▶ Source data:
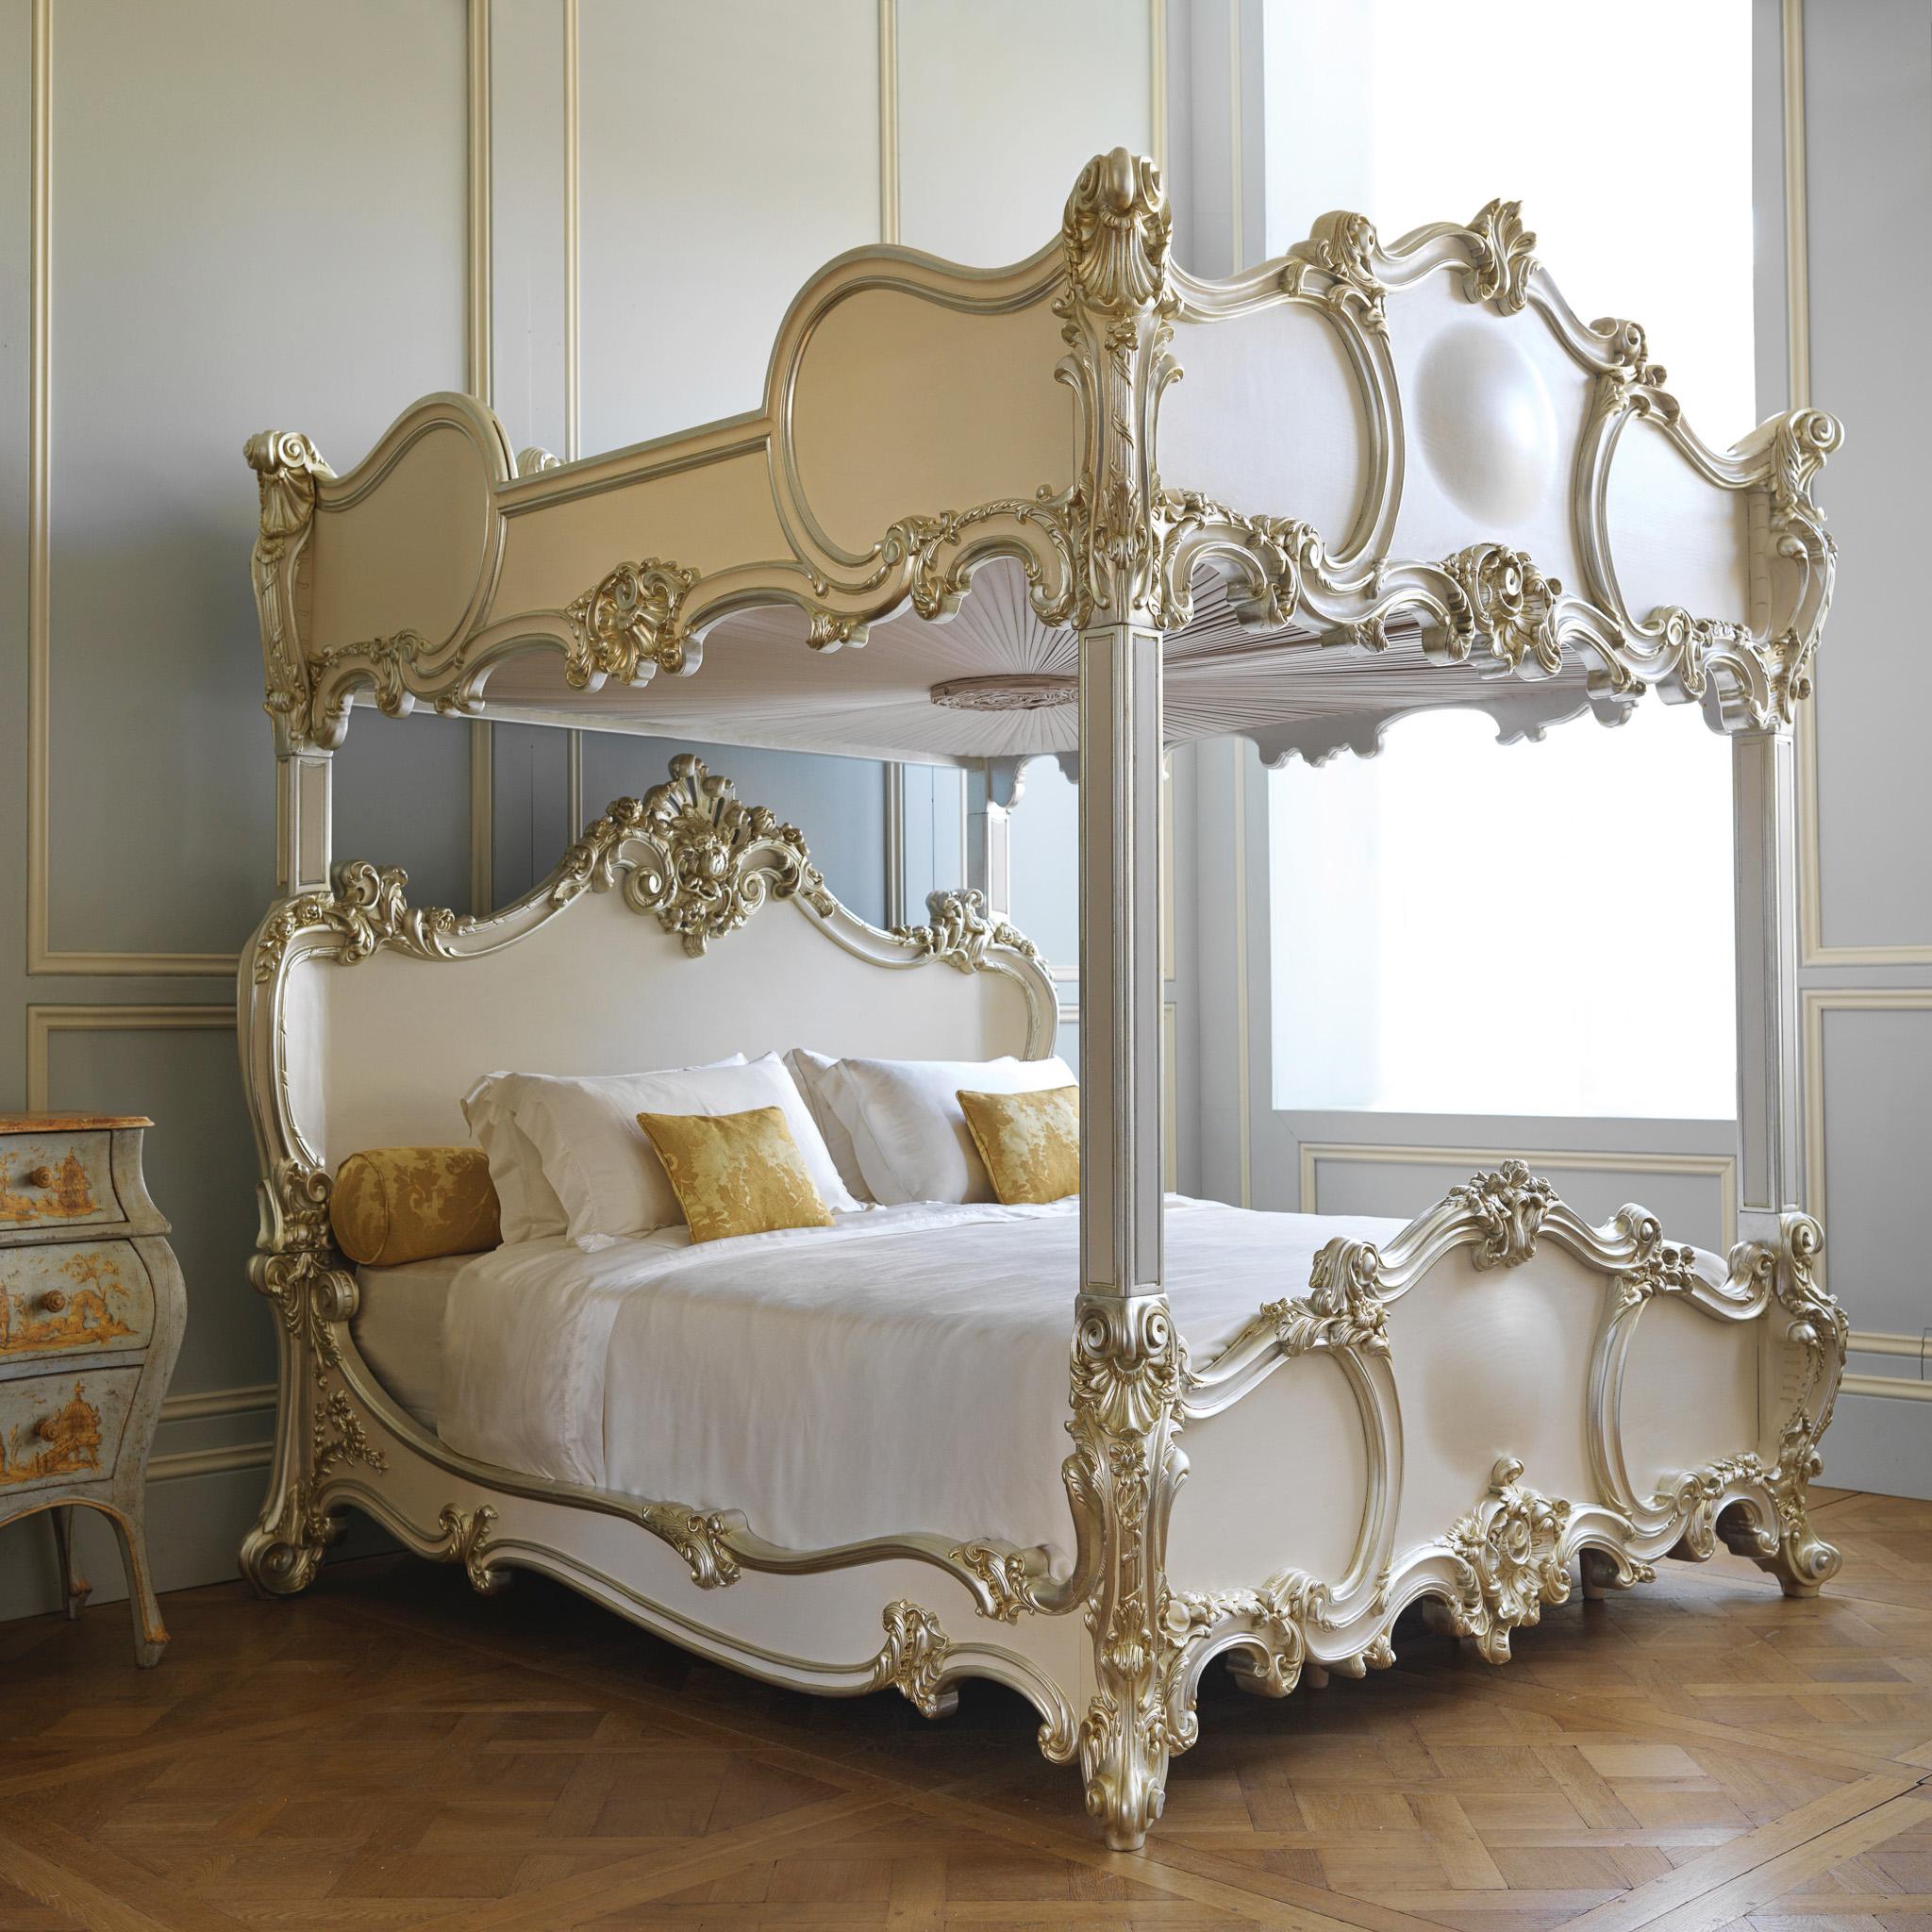 Ein einzigartiges Bett von La Maison London, Meister der feinen Holzschnitzerei - Ein Rokoko-Stil Four Poster Bed, das ein verstecktes Top-Bett innerhalb seiner 2-Ebenen-Design hat. Der obere Teil ist wie ein Baldachin gestaltet, so dass das Bett
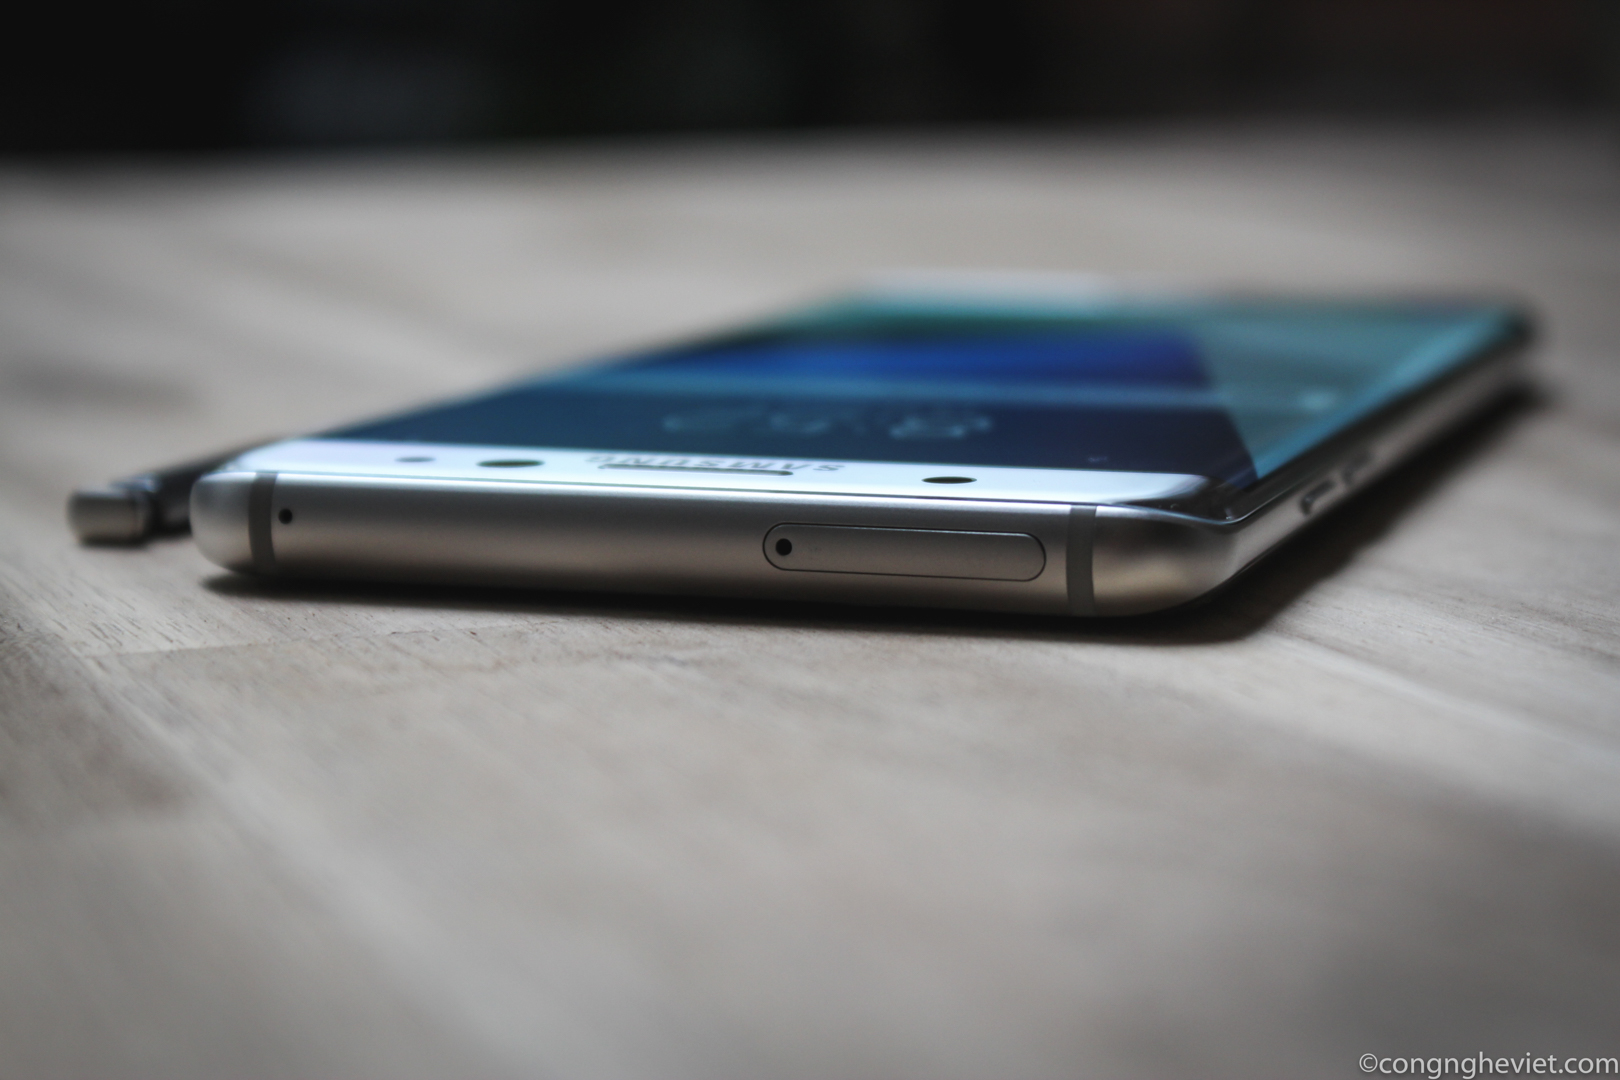 Màn hình cong trên điện thoại Samsung không phải chỉ để đẹp
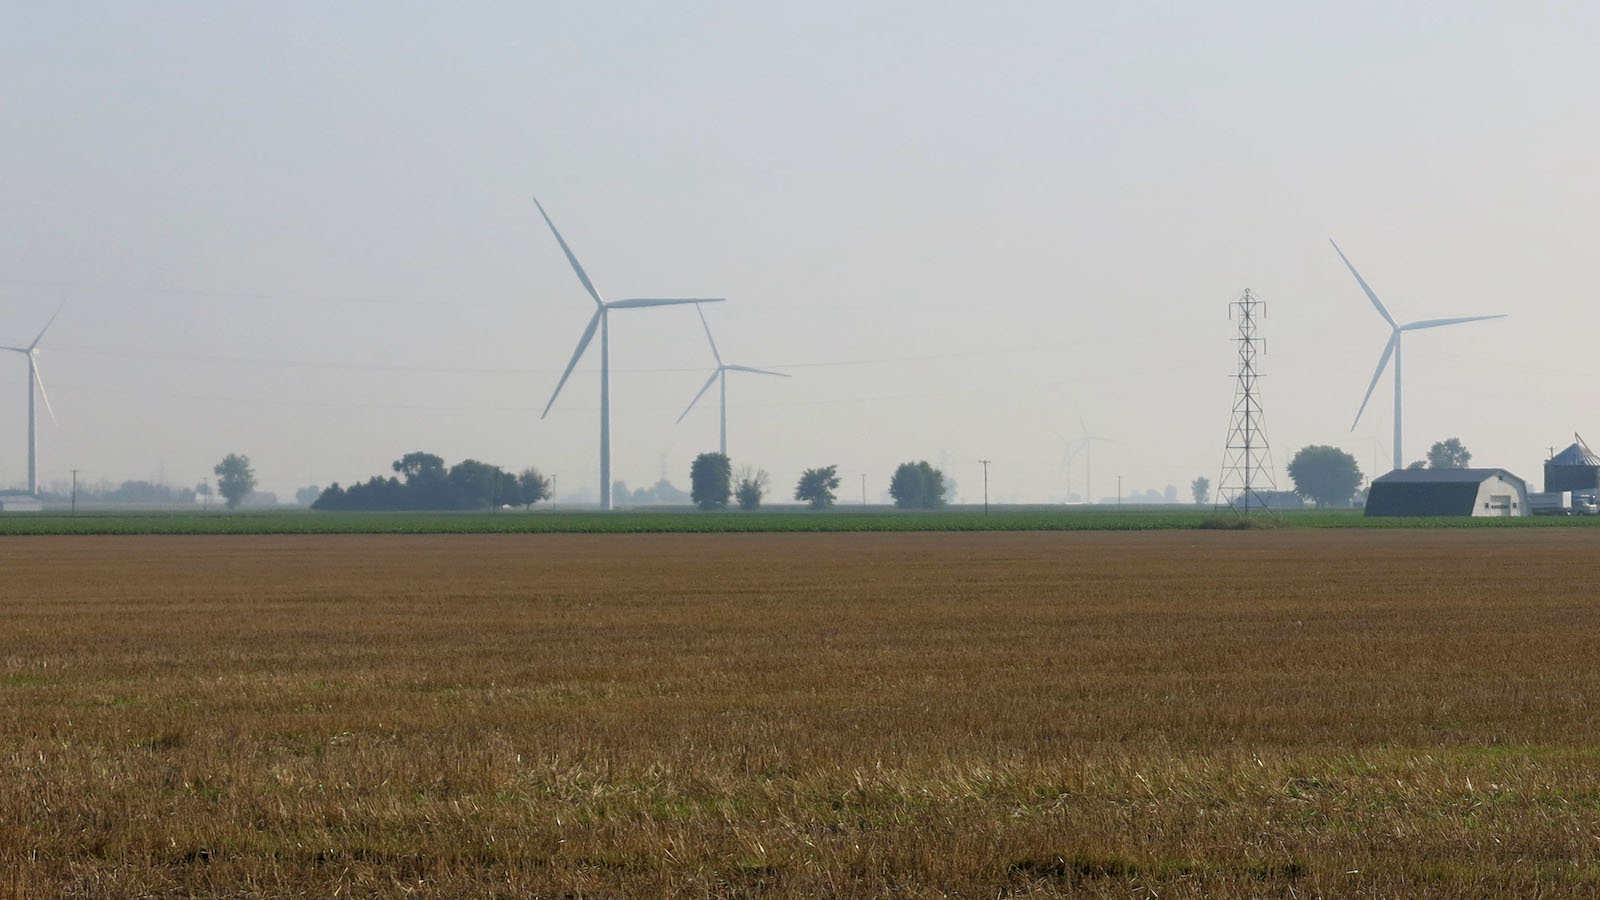 Wind turbines on a farm field.

▶ Your assignment: When you set down the material above, keep every word exact and include no pictures.

▶ Exercise result:
 Ein einzigartiges Bett von La Maison London, Meister der feinen Holzschnitzerei - Ein Rokoko-Stil Four Poster Bed, das ein verstecktes Top-Bett innerhalb seiner 2-Ebenen-Design hat. Der obere Teil ist wie ein Baldachin gestaltet, so dass das Bett
 Màn hình cong trên điện thoại Samsung không phải chỉ để đẹp
 Wind turbines on a farm field.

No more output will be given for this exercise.